What "extract the WHY" actually means

The move most beginners never make.

Here's the move most beginners never make. A question is not one thing — it's a stack of bits of information. And specific bits of information are what make specific routes available.

So the answer sheet didn't "magically think of it." It read a bit of information and that bit unlocked a route. Your job is to map information → available move.

Concrete TMUA-flavoured examples

The question hands you "the discriminant is non-negative" → that bit unlocks the route treat this as a quadratic in disguise and force real roots.
The question hands you a symmetric expression → that bit unlocks substitute, or exploit the symmetry instead of brute-forcing both terms.
The question hands you a weird constraint that looks like noise → 9 times out of 10 that "noise" is the bit that picks the route. Beginners ignore it. The model answer was built around it.

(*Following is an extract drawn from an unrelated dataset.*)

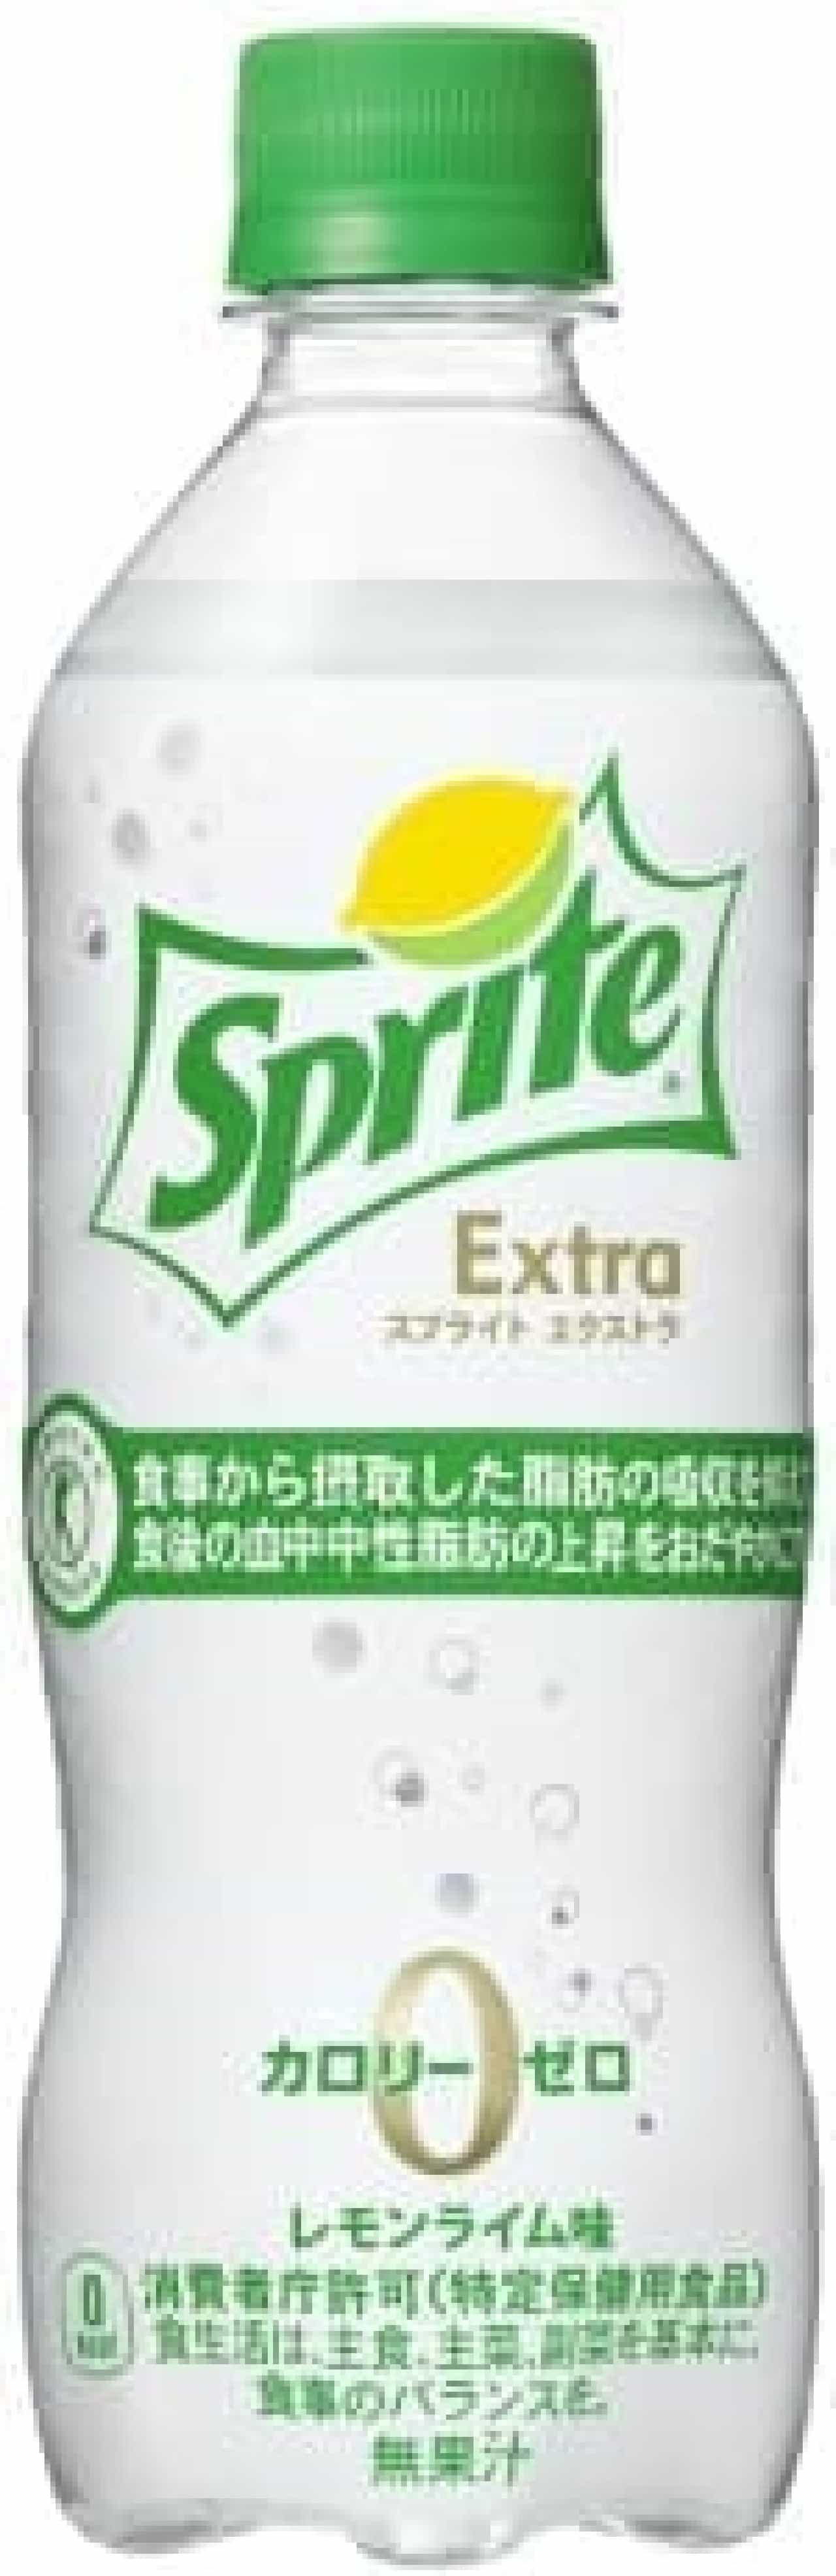 Coca-Cola system "Sprite Extra"

Now — nothing here is absolute. This is the part people get wrong when they try to do this. It is NOT "when expression X shows up, I MUST do action Y." That's just flashcards wearing a lab coat. It's softer than that: given these bits of information, it's possible the process goes down this route. You're not building a lookup table. You're stacking probabilities — building a library of "when I see this pattern, these two or three routes are worth trying first."

That's pattern recognition under uncertainty. That's the actual skill. And it's invisible in every answer sheet, which is why everyone misses it.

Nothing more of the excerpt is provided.